El Club más alegre envejece
(Por José Francisco Sánchez)
Cuando habla con terceros dice “mi hermana” o “mi hermano” o “mi padre”. Pero cuando habla con uno de nosotros dice “tu hermana” o “tu hijo” o “tu madre”. Así, me ha repetido mil veces por teléfono: “Dice tu madre que si vienes a comer hoy” o “dice tu hermana que si vamos a verla el sábado”. A veces se me ocurre que lo hace de este modo porque, para él, la condición de hijo y hermano es la condición humana. Para él ser hombre es ser hijo y hermano. Y lo subraya –“tu madre”, “tu hermana”– por miedo a que se nos olvide si lo diluye en un plural. Si olvidáramos eso, sería como si lo olvidáramos todo, pensará, como si le olvidáramos.

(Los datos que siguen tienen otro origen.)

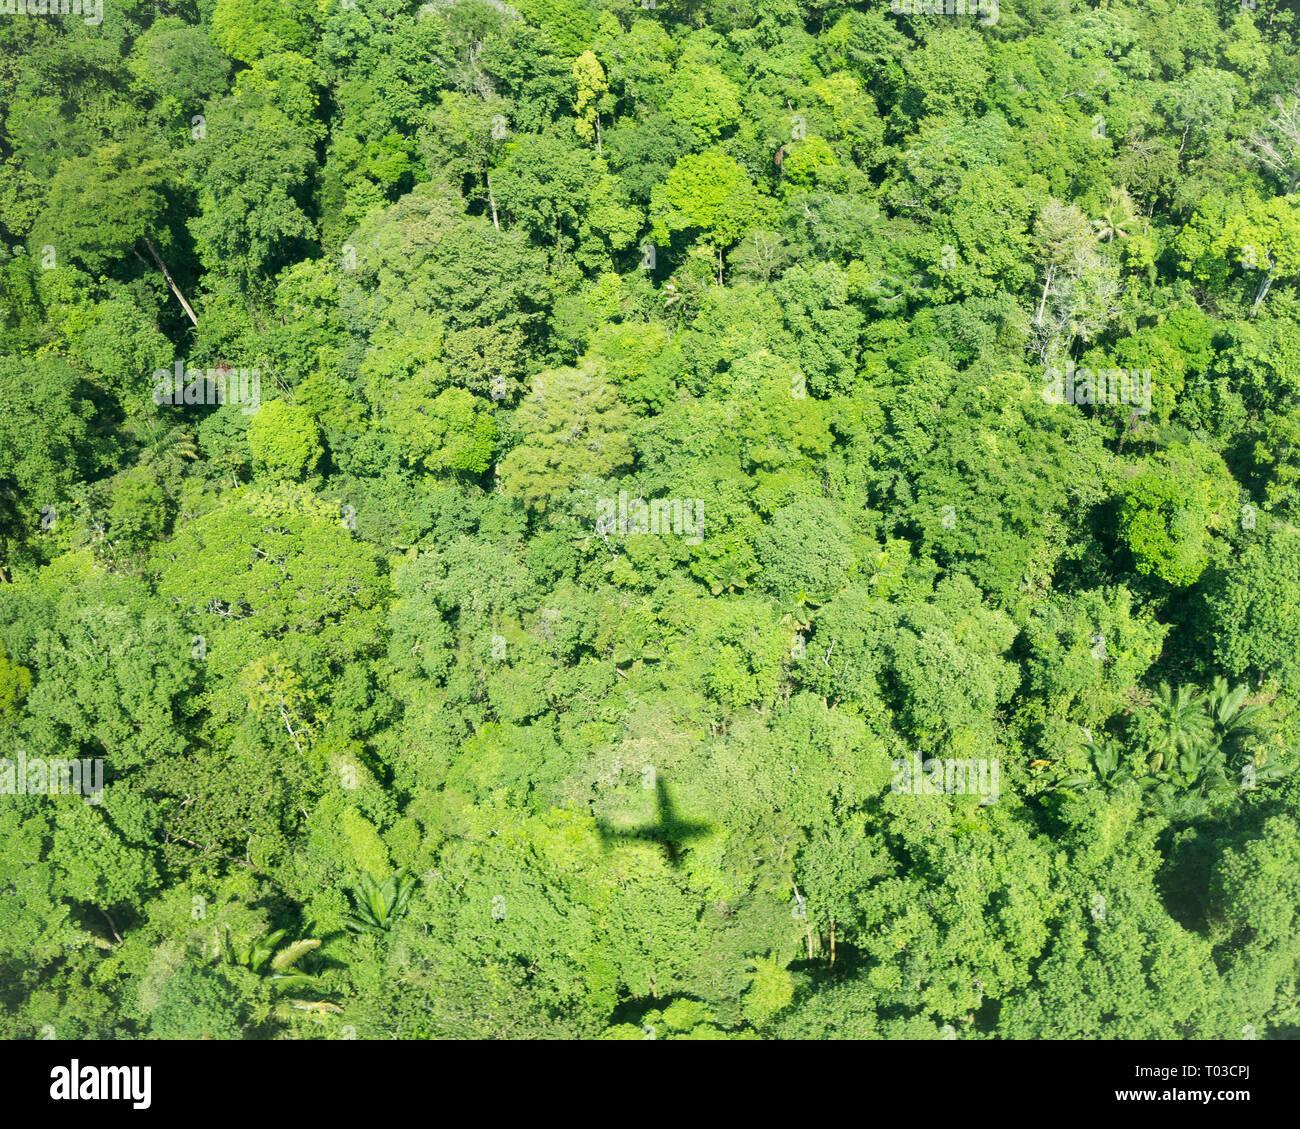 Costa Rica rainforest selva de avión, Península de Osa, cerca de Bahía Drake. Imagen De Stock

No sé cuando empecé a tomar conciencia de que tenía que cuidarle. Sin duda, muy pronto. El primer vídeo casero lo bastante nítido que guardo en la memoria se remonta a cuando estaba en clase de primero de primaria y él, que iba a párvulos en el mismo colegio nacional, llegó asustado y llorando, en busca de refugio. Una avioneta había volado muy bajo sobre el colegio y el chaval pensó que pretendía ametrallarlo. En casa yo dibujaba aviones que ametrallaban barcos. Los profesores se dijeron algo sobre lo que los niños aprendían en casa. Me dolió porque culpaban a mis padres, que eran inocentes. Él me buscó y me abrazó mientras repetía que querían matarlo. Poco a poco se fue calmando. No recuerdo si le dije algo, pero sí que lo abracé muy fuerte.
Unos años después, no sé cuántos, pegué por primera vez a alguien porque se estaba burlando de él. La rabia no me dejó pensar en la fama de bestia del otro ni en que su hermano, mayor que yo, era el jefe de una banda juvenil temida. Lo tiré al suelo y me llevé a José Luis. Cuidarle me hizo fuerte y me procuró un respeto que, de otro modo, un tipo tímido como yo jamás hubiera conseguido en aquel barrio.

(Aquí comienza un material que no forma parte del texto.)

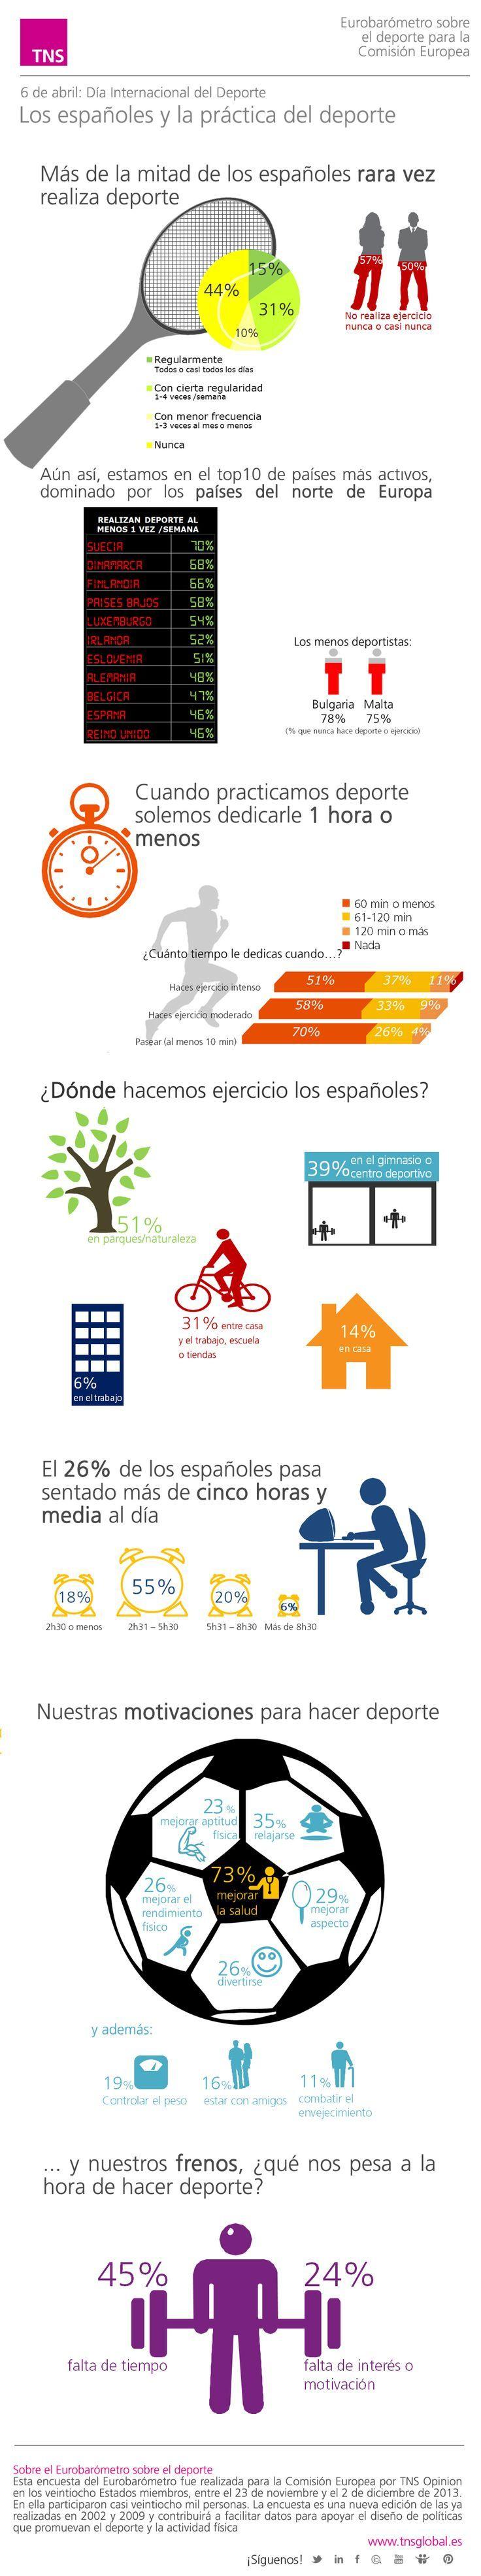 Hola: Una infografía sobre los españoles y la práctica del deporte. Un saludo

La única vez que mi padre me zurró fue por hacer llorar a mi hermano. No recuerdo cómo ni por qué. Quizá había cogido alguna cosa suya. Sí retengo con enorme viveza el dolor en la cara de mi padre cuando entró en la habitación guiado por los llantos. Solo me dio un empujón fuerte que me hizo caer. Me dijo también algo, pero nada podía dolerme ni abochornarme más que aquel gesto tremendo en el que se leía que su hijo mayor le había defraudado de un modo brutal y para él inimaginable.
Podría contar muchas historias, pero tengo que acabar. Ahora nos vemos todos los sábados. Paseamos, me cuenta su semana, vamos a su Club, donde para poco, porque lo que más le gusta es estar con mis amigos. Le digo que me los vampiriza y se ríe sin ganas de desmentirlo.
Muchas veces agradezco a Dios su existencia feliz. Ha sido una bendición para mis padres, para mi hermana y su familia, y para mí. Nos ha enseñado a querer bien desde pequeños, y a seguir unidos hasta un punto que extraña un poco a los demás. Por eso, algunos sábados, cuando le llevo a su Club y me quedo en la puerta, viendo cómo se saludan tan contentos, con tantísimo afecto en sus ojos rasgados, pienso en cuánto han perdido las familias de todos los niños felices que podrían haber estado allí.